Given the McCain surge and the Huckaboom, along the with the possibility that an early-state muddle will end up vindicating Rudy Giuliani’s February 5th strategy, there is a growing likelihood that the eventual Republican nominee will be someone vast swathes of the conservative movement won’t like. Such a development would be problematic for all sorts of reasons — it would make the 2008 election that much harder for the GOP, jeopardize the already shaky alliance between economic and social conservatives, prolong the existence of big government conservatism, and otherwise make it more difficult for the country to be well governed.

BUT THERE WOULD BE one silver lining. The conservative movement has suffered in recent years from an over-identification with the Bush administration and the anemic congressional Republicans. The right is simply too accustomed to criticizing McCain and Huckabee to be plausibly accused of carrying water for them. And the ongoing debate over the direction of the GOP makes conservatives less likely to change their tune if Huckabee or McCain were elected.

Conservatives have traditionally related to Republican presidents in one of two ways. When Richard Nixon, Gerald Ford, and George H.W. Bush were in the White House, conservatives were cordial but kept them at arm’s length. The right supported these presidents’ more conservative initiatives and defended them from liberal attack, but was just as likely to pounce at the first sign of presidential wishy-washiness — indeed, Nixon, Ford, and Bush 41 all faced significant conservative opposition when they sought the GOP nomination as incumbent presidents. At the beginning of his administration, National Review promised Bush 41 that the magazine’s editors would be “fair-weather critics and foul-weather friends.”

Under Ronald Reagan and, for most of his presidency, George W. Bush, conservatives actively identified with the president. He was One of Us. That doesn’t mean the right never quarreled with these commanders in chief, as the phrase “Let Reagan Be Reagan” and the name Harriet Miers remind us. But the conservative movement felt more than an affinity for a few Reagan or Bush 43 policies — it felt a stake in the outcome of both administrations. Support for a Republican primary opponent in 1984 or 2004 by any influential conservative would have been almost unthinkable.
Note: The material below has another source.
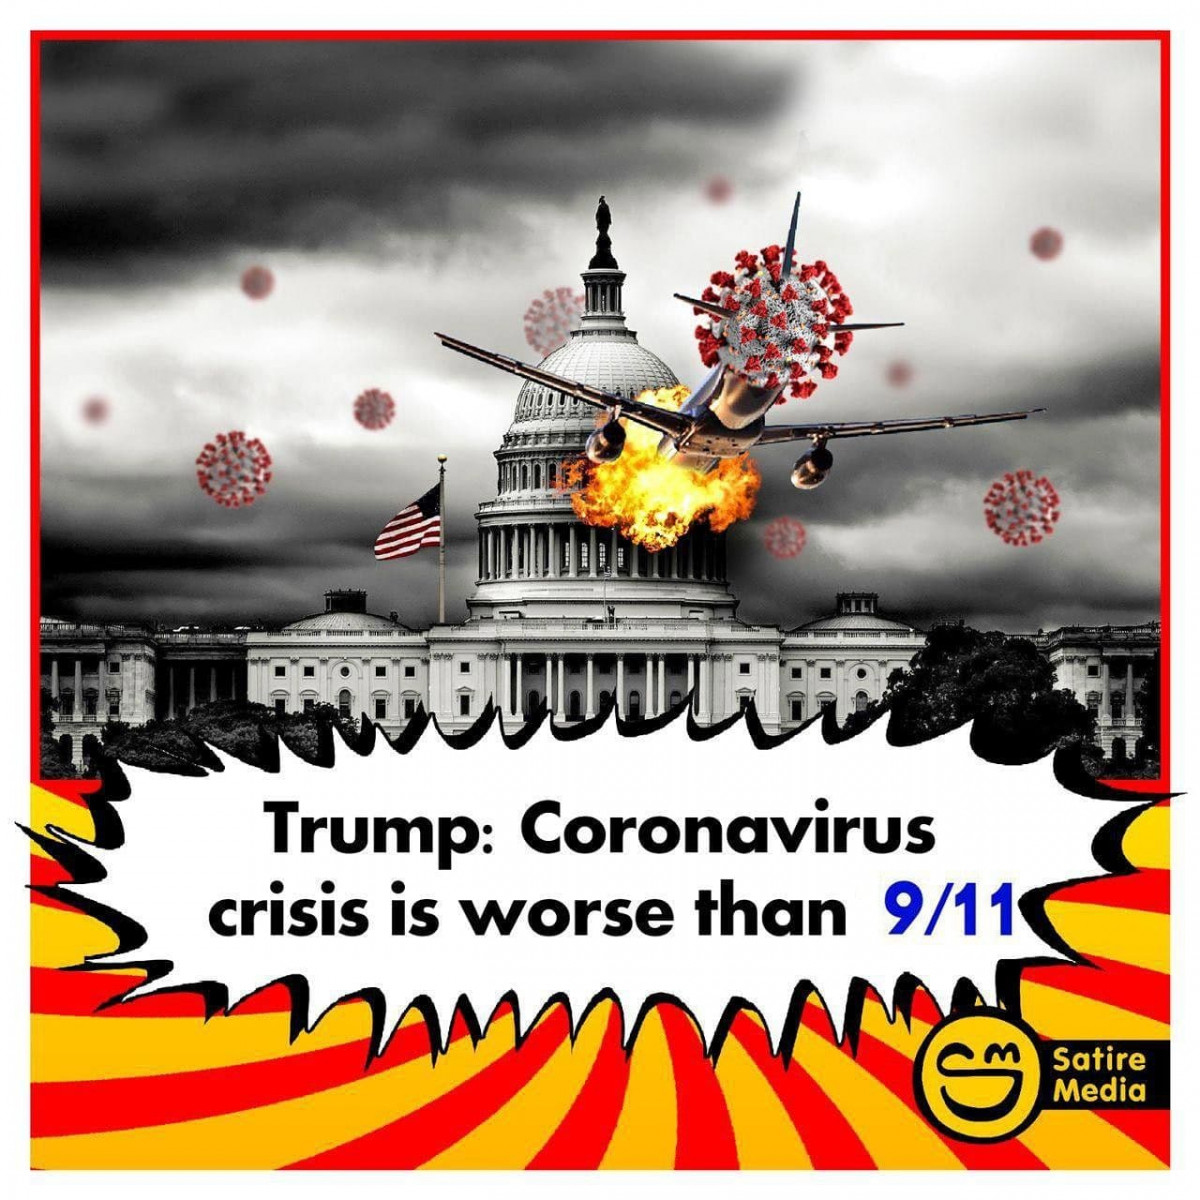 Trump: Coronavirus crisis is worse than 9/11

Reagan was present at the creation, a movement favorite since the Goldwater campaign. The right was initially cooler to George W. Bush, regarding him as conservative but not a conservative. Most conservatives sided with him against John McCain during the 2000 primaries, with some notable exceptions, but relatively few of them thought he was in Reagan’s league. That changed after 9/11, as Bush the wartime leader bonded with conservatives in a way his father never did and conservative authors produced an outpouring of books praising Bush in terms once reserved for Reagan.

This popularity didn’t prevent conservative criticism of big government Bush initiatives like the Medicare prescription drug benefit or No Child Left Behind, but it probably made the criticism tamer than similar complaints about his father’s wobbliness (it surely contributed to defenses of these programs as part of a new approach to conservative governance). There was a similar effect on the intra-conservative Iraq debate, with both those who were skeptical of the war and those who thought we were invading with too few troops initially quieter than they may have otherwise been.

WITH MANY OF the current crop of Republican presidential aspirants, the Nixon model makes more sense than the Reagan model. They are closer to the right than Hillary Clinton, but not as reliably conservative as Reagan or even the current president. One has a campaign chairman who pronounced the Reagan coalition dead, another thought in 2000 that the GOP base could benefit from a little creative destruction. Conservatives should be creative too.

Declaring independence from such candidates can’t hurt. Does the GOP nominee want to repudiate “greedy” Wall Street tax-cutters? Then return the favor. Is the Republican hopeful treating pro-lifers and gun owners like just another special interest in need of regulation? Then conservatives should treat him like just another politician.

A political alliance isn’t a marriage. You don’t have to take a presidential candidate for better or worse. Only when they’re right.